• _Prompt_
When every entry has been read, print each one back exactly.

══════════════════════════════

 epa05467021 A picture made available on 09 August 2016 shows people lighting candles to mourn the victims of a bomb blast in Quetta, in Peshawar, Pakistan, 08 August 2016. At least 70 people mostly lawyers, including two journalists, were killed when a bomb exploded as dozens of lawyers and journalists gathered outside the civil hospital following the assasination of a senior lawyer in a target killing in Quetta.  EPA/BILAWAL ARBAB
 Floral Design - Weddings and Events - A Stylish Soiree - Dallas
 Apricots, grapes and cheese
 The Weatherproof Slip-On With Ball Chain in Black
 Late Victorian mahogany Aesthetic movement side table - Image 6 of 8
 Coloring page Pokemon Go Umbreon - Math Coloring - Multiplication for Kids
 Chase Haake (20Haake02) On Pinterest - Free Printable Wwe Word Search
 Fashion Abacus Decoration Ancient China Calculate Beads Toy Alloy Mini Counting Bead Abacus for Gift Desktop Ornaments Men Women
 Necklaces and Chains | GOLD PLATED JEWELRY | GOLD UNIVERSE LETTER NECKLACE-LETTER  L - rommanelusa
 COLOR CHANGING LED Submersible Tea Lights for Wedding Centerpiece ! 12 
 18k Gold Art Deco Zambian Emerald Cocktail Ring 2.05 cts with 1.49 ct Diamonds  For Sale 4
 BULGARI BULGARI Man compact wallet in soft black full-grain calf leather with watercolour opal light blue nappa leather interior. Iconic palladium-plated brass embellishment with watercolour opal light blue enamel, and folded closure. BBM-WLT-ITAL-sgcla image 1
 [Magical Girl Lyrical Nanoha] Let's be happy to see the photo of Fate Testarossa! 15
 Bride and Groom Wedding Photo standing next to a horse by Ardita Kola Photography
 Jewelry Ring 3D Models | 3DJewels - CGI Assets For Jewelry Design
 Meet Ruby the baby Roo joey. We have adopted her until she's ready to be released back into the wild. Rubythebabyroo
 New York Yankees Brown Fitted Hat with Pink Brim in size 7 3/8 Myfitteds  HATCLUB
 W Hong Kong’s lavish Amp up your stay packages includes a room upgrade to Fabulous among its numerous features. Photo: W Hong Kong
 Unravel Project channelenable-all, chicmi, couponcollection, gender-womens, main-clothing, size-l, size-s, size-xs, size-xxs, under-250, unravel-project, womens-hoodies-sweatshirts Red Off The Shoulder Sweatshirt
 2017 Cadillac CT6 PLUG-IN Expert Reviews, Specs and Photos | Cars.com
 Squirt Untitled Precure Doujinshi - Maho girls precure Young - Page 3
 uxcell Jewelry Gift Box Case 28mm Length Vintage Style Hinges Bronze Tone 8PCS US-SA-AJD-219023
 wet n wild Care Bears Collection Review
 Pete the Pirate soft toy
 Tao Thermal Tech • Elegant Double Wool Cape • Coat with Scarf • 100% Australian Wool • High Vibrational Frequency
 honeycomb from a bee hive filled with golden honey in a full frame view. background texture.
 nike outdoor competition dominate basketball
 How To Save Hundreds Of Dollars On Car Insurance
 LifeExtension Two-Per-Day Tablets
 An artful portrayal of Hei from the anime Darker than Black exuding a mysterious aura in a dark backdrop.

══════════════════════════════

• _Finished exercise_
 epa05467021 A picture made available on 09 August 2016 shows people lighting candles to mourn the victims of a bomb blast in Quetta, in Peshawar, Pakistan, 08 August 2016. At least 70 people mostly lawyers, including two journalists, were killed when a bomb exploded as dozens of lawyers and journalists gathered outside the civil hospital following the assasination of a senior lawyer in a target killing in Quetta.  EPA/BILAWAL ARBAB
 Floral Design - Weddings and Events - A Stylish Soiree - Dallas
 Apricots, grapes and cheese
 The Weatherproof Slip-On With Ball Chain in Black
 Late Victorian mahogany Aesthetic movement side table - Image 6 of 8
 Coloring page Pokemon Go Umbreon - Math Coloring - Multiplication for Kids
 Chase Haake (20Haake02) On Pinterest - Free Printable Wwe Word Search
 Fashion Abacus Decoration Ancient China Calculate Beads Toy Alloy Mini Counting Bead Abacus for Gift Desktop Ornaments Men Women
 Necklaces and Chains | GOLD PLATED JEWELRY | GOLD UNIVERSE LETTER NECKLACE-LETTER  L - rommanelusa
 COLOR CHANGING LED Submersible Tea Lights for Wedding Centerpiece ! 12 
 18k Gold Art Deco Zambian Emerald Cocktail Ring 2.05 cts with 1.49 ct Diamonds  For Sale 4
 BULGARI BULGARI Man compact wallet in soft black full-grain calf leather with watercolour opal light blue nappa leather interior. Iconic palladium-plated brass embellishment with watercolour opal light blue enamel, and folded closure. BBM-WLT-ITAL-sgcla image 1
 [Magical Girl Lyrical Nanoha] Let's be happy to see the photo of Fate Testarossa! 15
 Bride and Groom Wedding Photo standing next to a horse by Ardita Kola Photography
 Jewelry Ring 3D Models | 3DJewels - CGI Assets For Jewelry Design
 Meet Ruby the baby Roo joey. We have adopted her until she's ready to be released back into the wild. Rubythebabyroo
 New York Yankees Brown Fitted Hat with Pink Brim in size 7 3/8 Myfitteds  HATCLUB
 W Hong Kong’s lavish Amp up your stay packages includes a room upgrade to Fabulous among its numerous features. Photo: W Hong Kong
 Unravel Project channelenable-all, chicmi, couponcollection, gender-womens, main-clothing, size-l, size-s, size-xs, size-xxs, under-250, unravel-project, womens-hoodies-sweatshirts Red Off The Shoulder Sweatshirt
 2017 Cadillac CT6 PLUG-IN Expert Reviews, Specs and Photos | Cars.com
 Squirt Untitled Precure Doujinshi - Maho girls precure Young - Page 3
 uxcell Jewelry Gift Box Case 28mm Length Vintage Style Hinges Bronze Tone 8PCS US-SA-AJD-219023
 wet n wild Care Bears Collection Review
 Pete the Pirate soft toy
 Tao Thermal Tech • Elegant Double Wool Cape • Coat with Scarf • 100% Australian Wool • High Vibrational Frequency
 honeycomb from a bee hive filled with golden honey in a full frame view. background texture.
 nike outdoor competition dominate basketball
 How To Save Hundreds Of Dollars On Car Insurance
 LifeExtension Two-Per-Day Tablets
 An artful portrayal of Hei from the anime Darker than Black exuding a mysterious aura in a dark backdrop.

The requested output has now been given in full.